No, you can’t wait until the mid-terms to make a decision. Unfortunately, the concept of chaos has become evergreen. What I wouldn’t give for a single precedented news event. Remember the tan suit? Those were simpler times. But the absence of a plan as your baseline is going to make it significantly harder for you to react to changes and understand how they affect you.
Media Kit
Here’s some good news: the new Zillow home price forecast says it’s going to be a buyer’s market for the next 2 years. If you’re thinking about buying a home soon, remember that you get the best mortgage as a self-employed person by showing income on your federal tax return. So, if your strategy has been to avoid taxes by showing low or no income from your business, it might be time to pay to get access to the best lending opportunities.

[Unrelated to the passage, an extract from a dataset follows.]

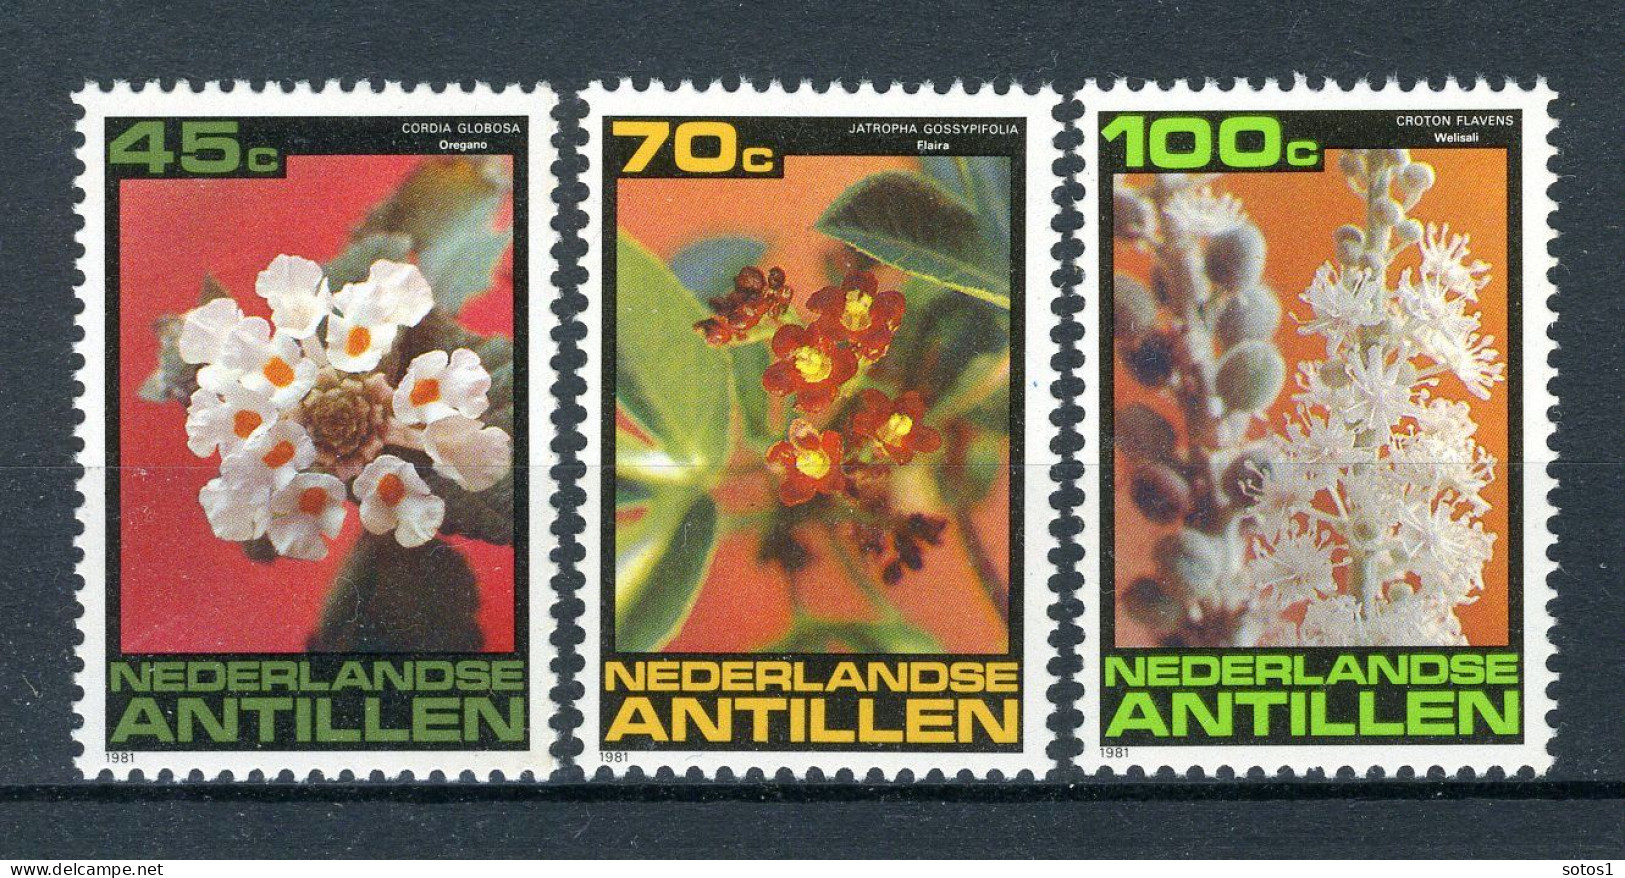 NL. ANTILLEN 700/702 MNH 1981 - Flora. - Curacao, Netherlands Antilles, Aruba
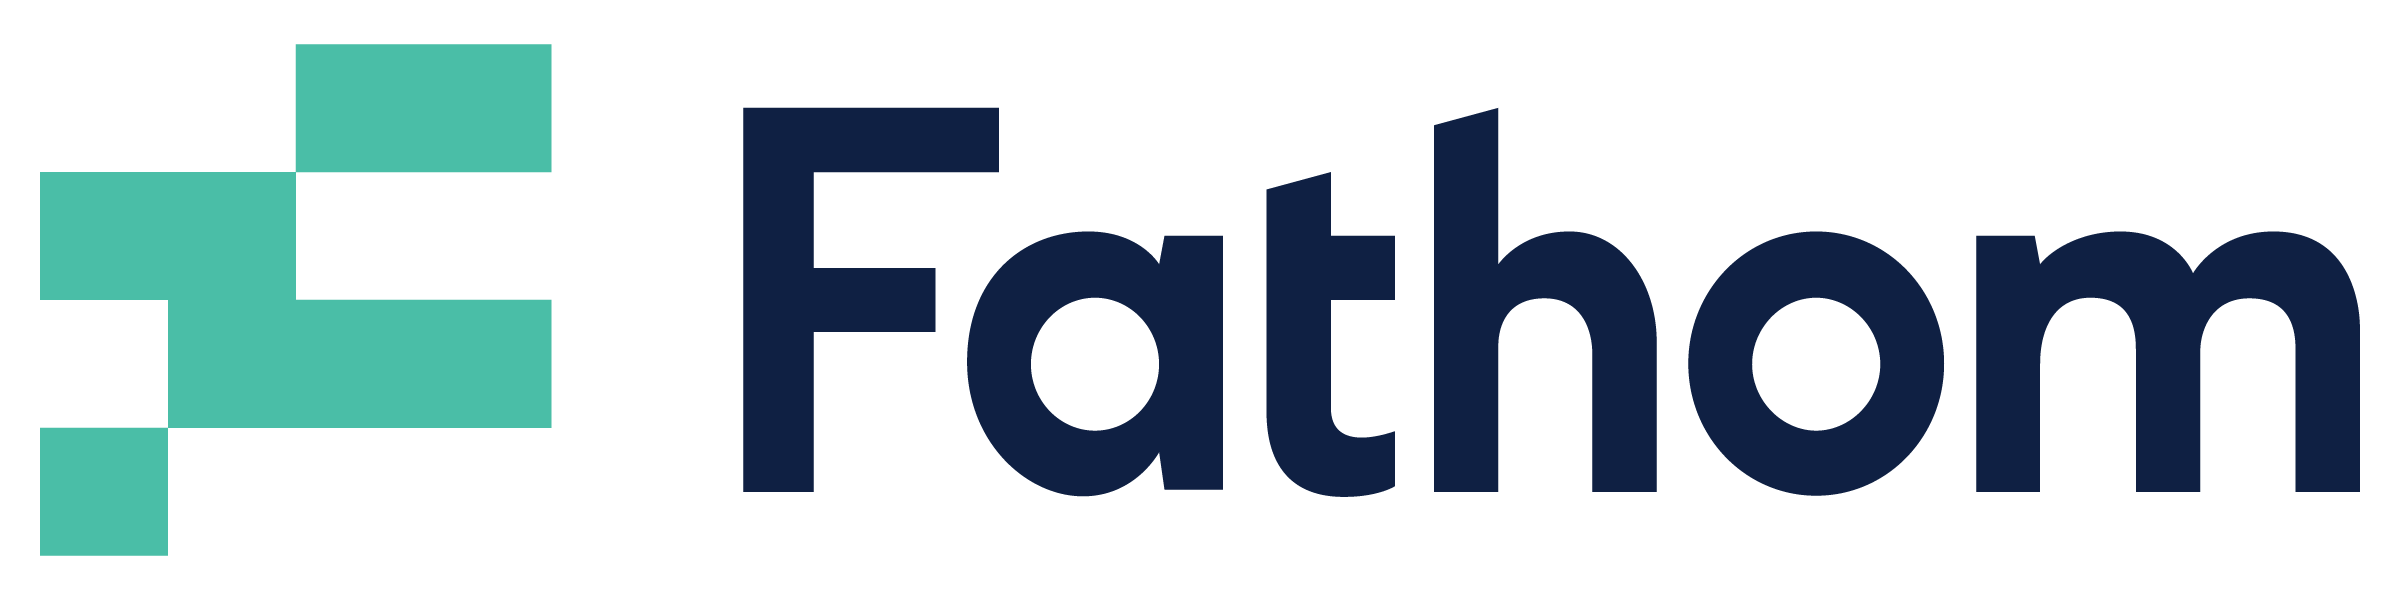 Fathom-logo

Fintech companies have created a way to access wages early without penalties or having to take a loan that has to be paid back in full. Unsurprisingly, this is an employment benefit that is wildly popular right now -- even more so than 401(k) participation. We have this service available to my team within Gusto, and (also unsurprisingly) they strongly encourage its use. Just watch your interest rates, as long-term borrowing can quickly put you back in loan shark territory, albeit with less risk to your kneecaps.
Thank you for reading! If you have feedback or suggestions, hit reply or email me at [email protected]. If you’d like some help with growth planning amidst waves hand all of this, book a free 20-minute Strategy Session with me.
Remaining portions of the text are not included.